Sermon: A Father’s Legacy

Intro: Happy Father’s Day!  It’s a special day to honor our Fathers, who raised us and provided for our needs, as well as Dads, who may have stepped in for an absent Father, like a relative, a foster father, or another supportive man in a young person’s life, like a scout leader. So to all of you fathers and dads, we honor you, especially on this your special day.

I.  Our Heavenly Father

A. But the ultimate Father, the one who not only loves each and every one of us, who is accessible to everyone, at any time of day or year, is our Heavenly Father, our very Creator. So, this morning, I would like to turn our focus on our Heavenly Father. To do that, we must fully embrace the premise that we were all created by the Eternal God, and given life by Him. Created in His image of what we should be and how we should function that mirrors His Nature and Character. That premise eliminates an evolutionary, impersonal process. Although the Loving Father created us to be an outlet of His deep love, to live in relationship with Him, He gave us free will to use His created life to function as we see fit. We might blame Adam and Eve who used their free will to sin and brought eternal consequences upon us, but each of us uses our free will to choose to sin, separating us from His intent for us to be in relationship with Him. But we can also, by His Grace, use our free will to accept our merciful Father’s Plan of Salvation to overcome that sin, be forgiven, and take on the Nature and Character of the God who created us.

B. Our creation involves more than our physical bodies, though. Our bodies being mortal, are formed from earthly, natural elements, like carbon and oxygen, etc, but once our life ends, the body reverts back to those natural elements. But our Heavenly Father also created us with an immortal soul, the essence of who we are, that inherently craves, strongly desires, to be united with its Creator. The soul that, when this mortal life ends, was intended to return to its Creator, our Eternal Father.

C. Children are born with a natural craving for being nurtured, finding their initial satisfaction of that craving from a physical mother/father. It’s been proven that without human touch, after 48 hours, a baby will die.

Then, as a child grows, its physical needs and desires continue to grow, but the inner soul begins to exert its spiritual longings to seek its Creator. Maturing to an age of reason, a child begins to distinguish between the soul’s moral influences – right and wrong, influences by the Holy Spirit, competing with its physical desires. The classic struggle between the physical and the soul’s craving continues, eventually our free will allowing one to take precedence, so that when this physical life ends, the soul is judged on its acceptability to its Holy Creator. That’s a very simplistic summary of our earthly lives, because there are so many influences that affect that final outcome. The outcome that human fathers were meant to significantly influence on God’s behalf.

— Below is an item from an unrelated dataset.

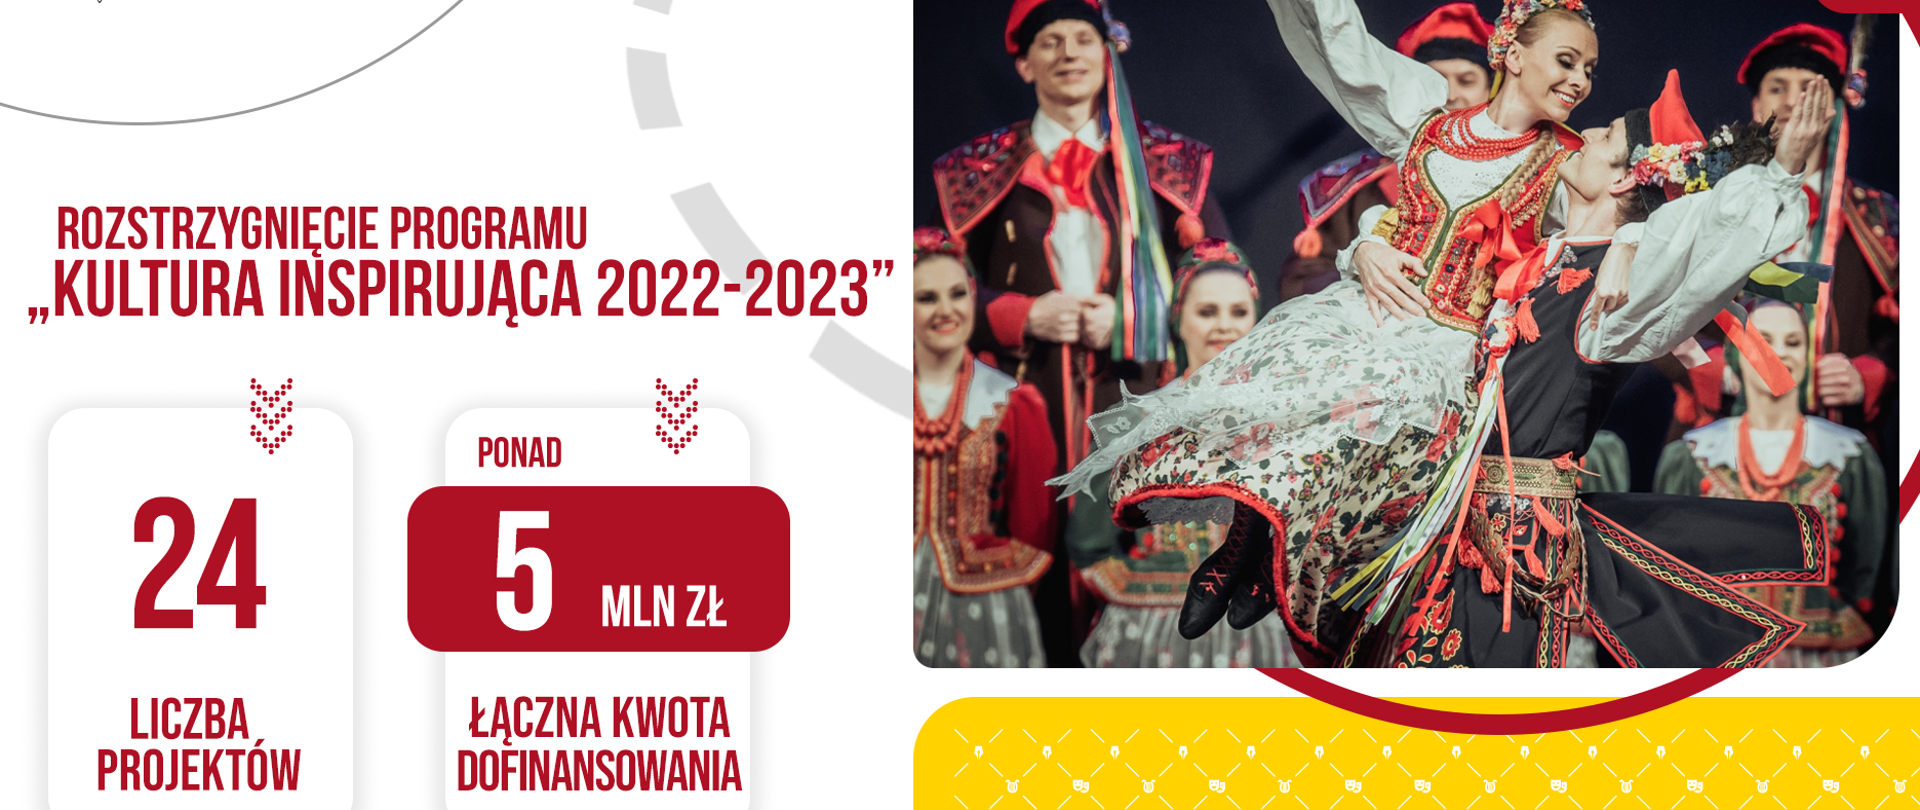 Wyniki naboru do programu Kultura Inspirująca na lata 2022-2023

D. The opening of our Call to Worship, from Psalm 42, portrays that deep craving of the soul, like a deer being hunted, longing to quench its thirst,

its craving for God. We might even think of this portrayal as the conflict between the soul and the physical. Physical demands trying to overtake craving souls thirsting for its Creator. The two other psalms, Psalms 63 and 84, further express the psalmist’s earnest yearning for God, finding it more satisfying to spend a day in His courts, even as a doorkeeper in the house of our God, than to dwell in the tents of the wicked.

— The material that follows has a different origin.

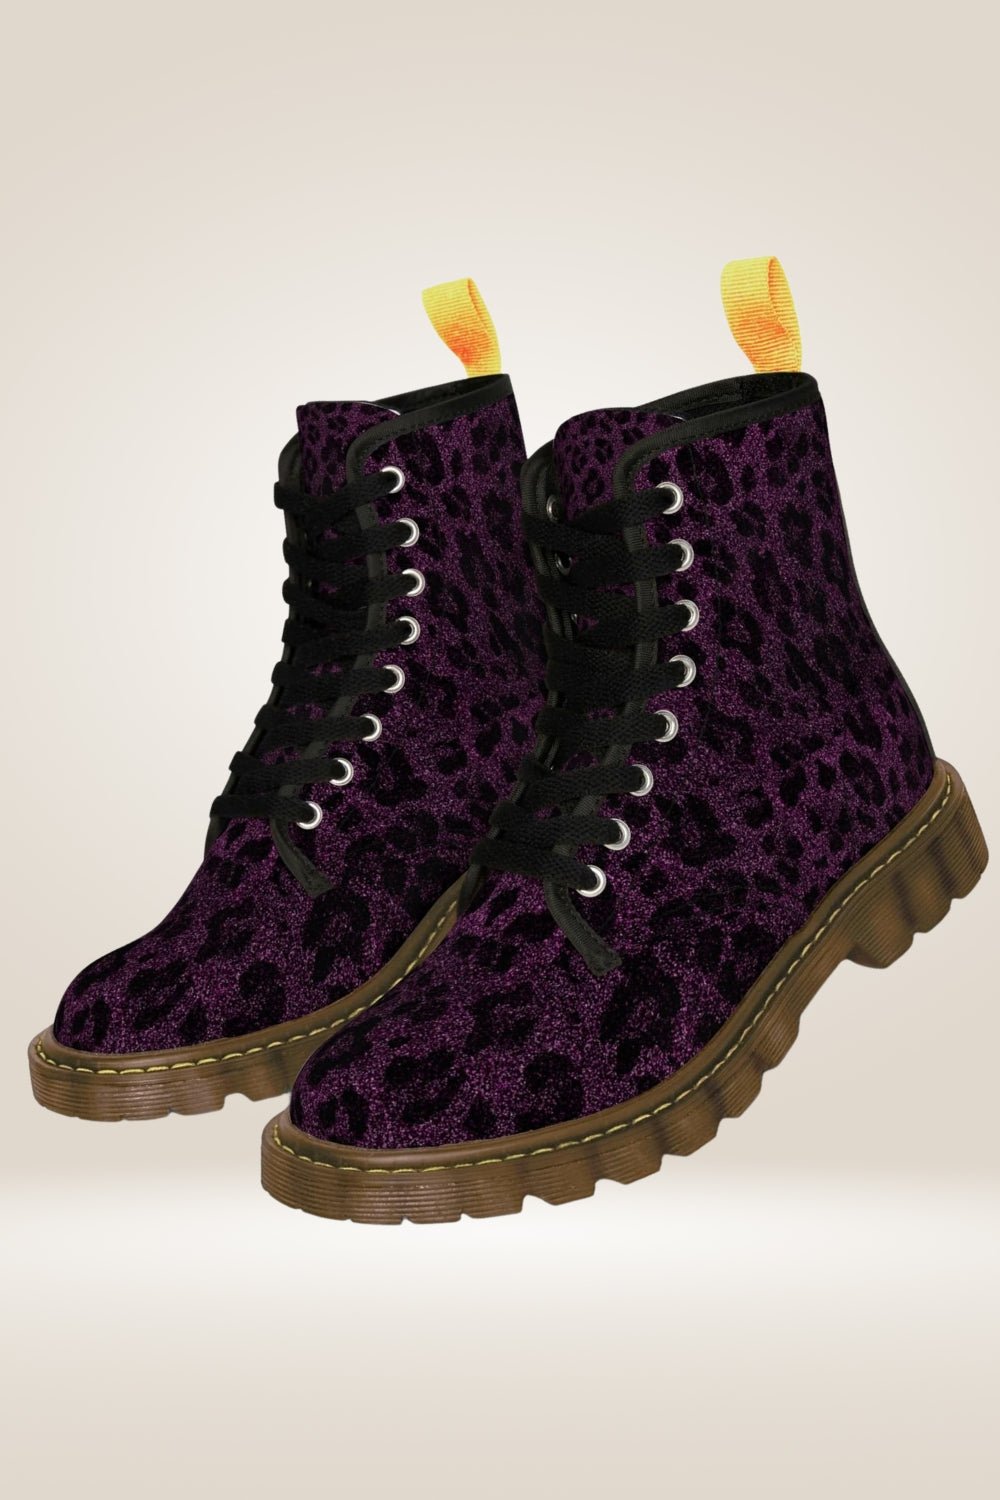 Glitter Print Purple Combat Boots - Brown Sole - TGC Boutique - Combat Boots

E. Parents were created to reflect the different traits of the character and nature of our Eternal God. Fathers have been generally given strength attributes as the protector, while mothers are generally given the nurturing traits. Their combined traits should influence the child’s craving for its Creator. As in our Hymn of Preparation, “Happy the Home When God is There”.

II. Isaiah 42:5-13

A. Although we know children don’t come with an Instruction Book, Scripture serves as a manual of who our Heavenly Father is. Our OT lesson from Isaiah would be a page from that manual. God identifies Himself as ‘the Lord’, meaning eternal and unchanging, reinforcing that God is Creator of heaven and earth and of all He gives breath and life to.

B. As Lord, He calls us to righteousness, the strong moral and ethical fiber of God’s nature and character, saying He’ll take hold of our hand, leading us to His righteousness. I especially like that image of a Father holding our hand. Like the father and his daughter crossing a bridge on windy, rainy day. The father tells his daughter to hold his hand, but the daughter says, “No, Daddy, you hold my hand. If I hold your hand, I might let go, but if you hold my hand, I know you’ll never let go.”  The soul craving its Creator that it knows will never let it go. A picture of what an earthly father is intended to emulate to His children in leading them to know our Heavenly Father.  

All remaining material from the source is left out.